她曾經試圖以成績變差,讓老師頻繁地叫家長的這種方式,來引起聞隋海對她的關注。
然而兩年了,她發現這并沒有什么用,聞隋海越來越嫌棄她,反而受到最大影響的人,是她自己。
在天臺跟陸瑾昀聊過之后,她確實想要好好地撿起落下的知識。
不僅僅是為了給那些看不起自己的人看,更多的還應該是為了自己,她要給自己一個可以看得見的未來。
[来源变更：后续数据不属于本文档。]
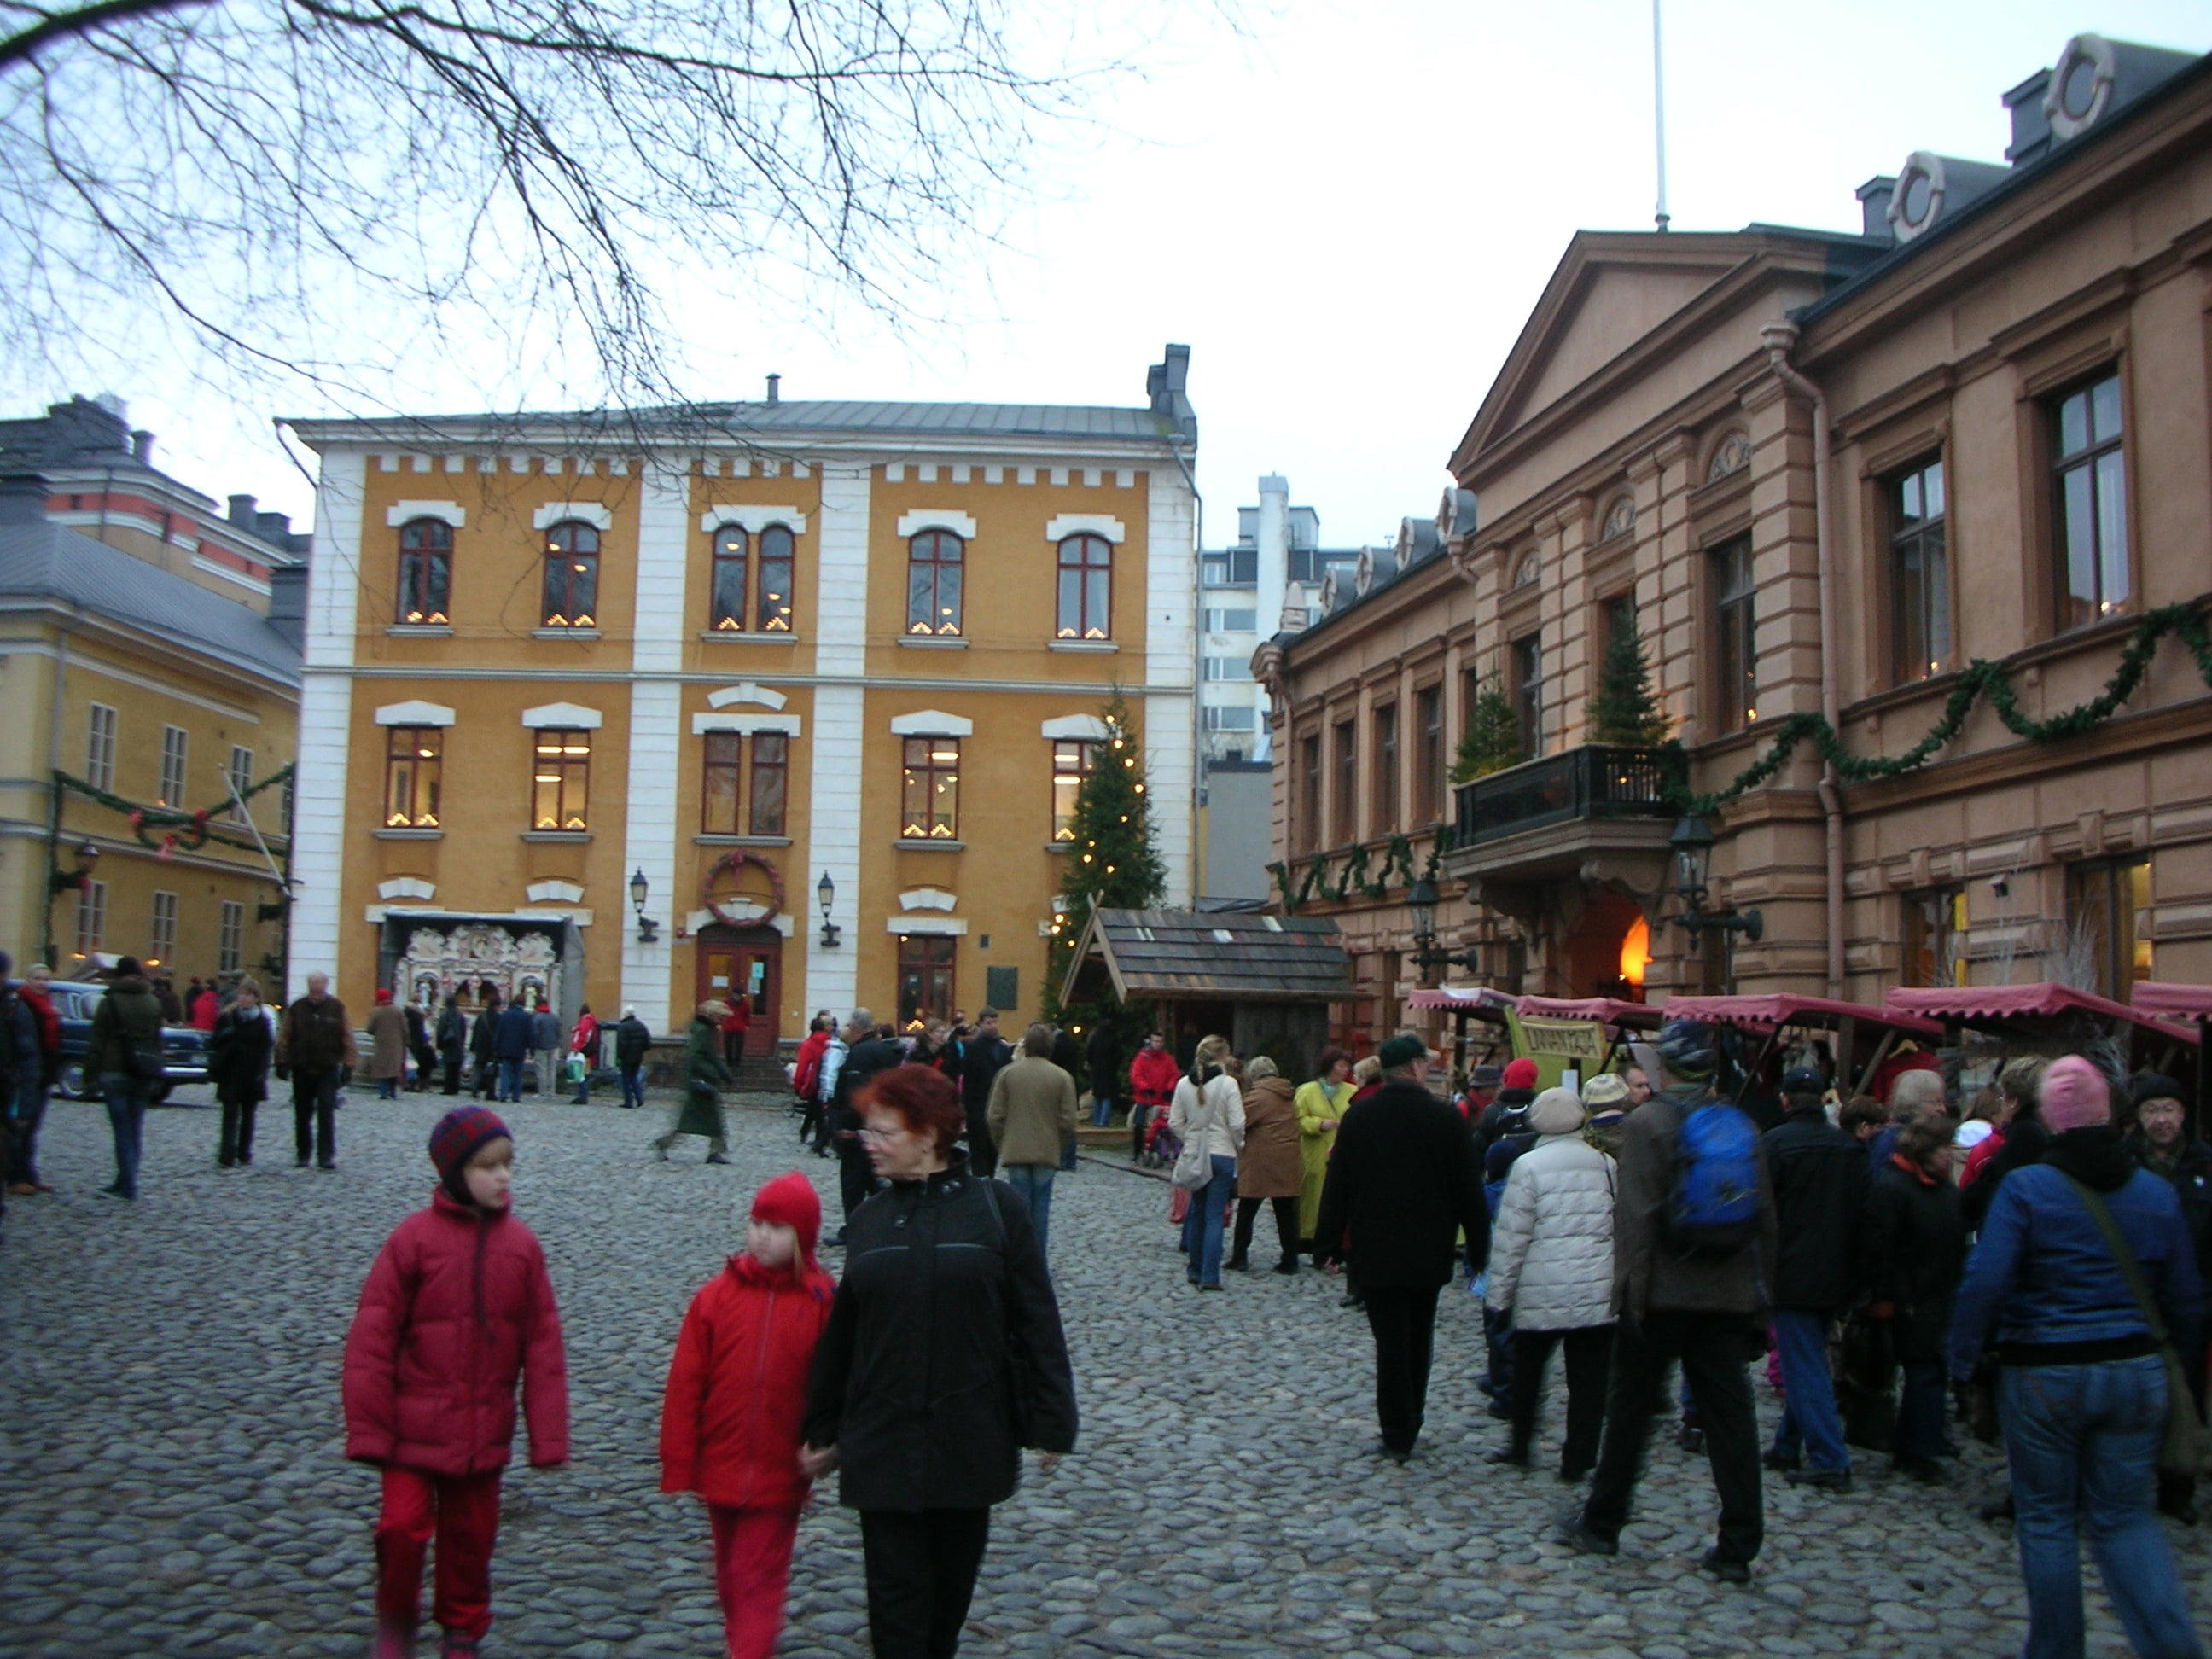 The Old Great Square

如果能夠跟陸瑾昀考上同一所大學,那自己就厚著臉皮變成他的小尾巴,跟著他刷一遍社團和實踐等等經驗,再跟著他泡圖書館,拿個最次等的獎學金,給自己的簡歷刷一層金漆。
就是不知道陸瑾昀要考什么大學,如果要考清北復交的話——
她就考在他隔壁吧。
作者有話要說: 靄姐凡心動了(〃'▽'〃)
btw今天簽約成功,敲嗨森,本來想發紅包的,發現沒更新狀態不能發。
那就等幾天吧,等狀態變為已簽約,發十個小紅包( ?° ?? ?°)?
☆、周五 圖書館
第二天早上,八點。
陸瑾昀生物鐘準到跟北京時間只差數十秒,盡管是放假,他六點半就醒了。
在中間的這一個半小時,他從房間出來了好幾次,忙著各種事情,每次在經過客房的時候,都會停在那里一下,然后仔細聽著里面的聲音。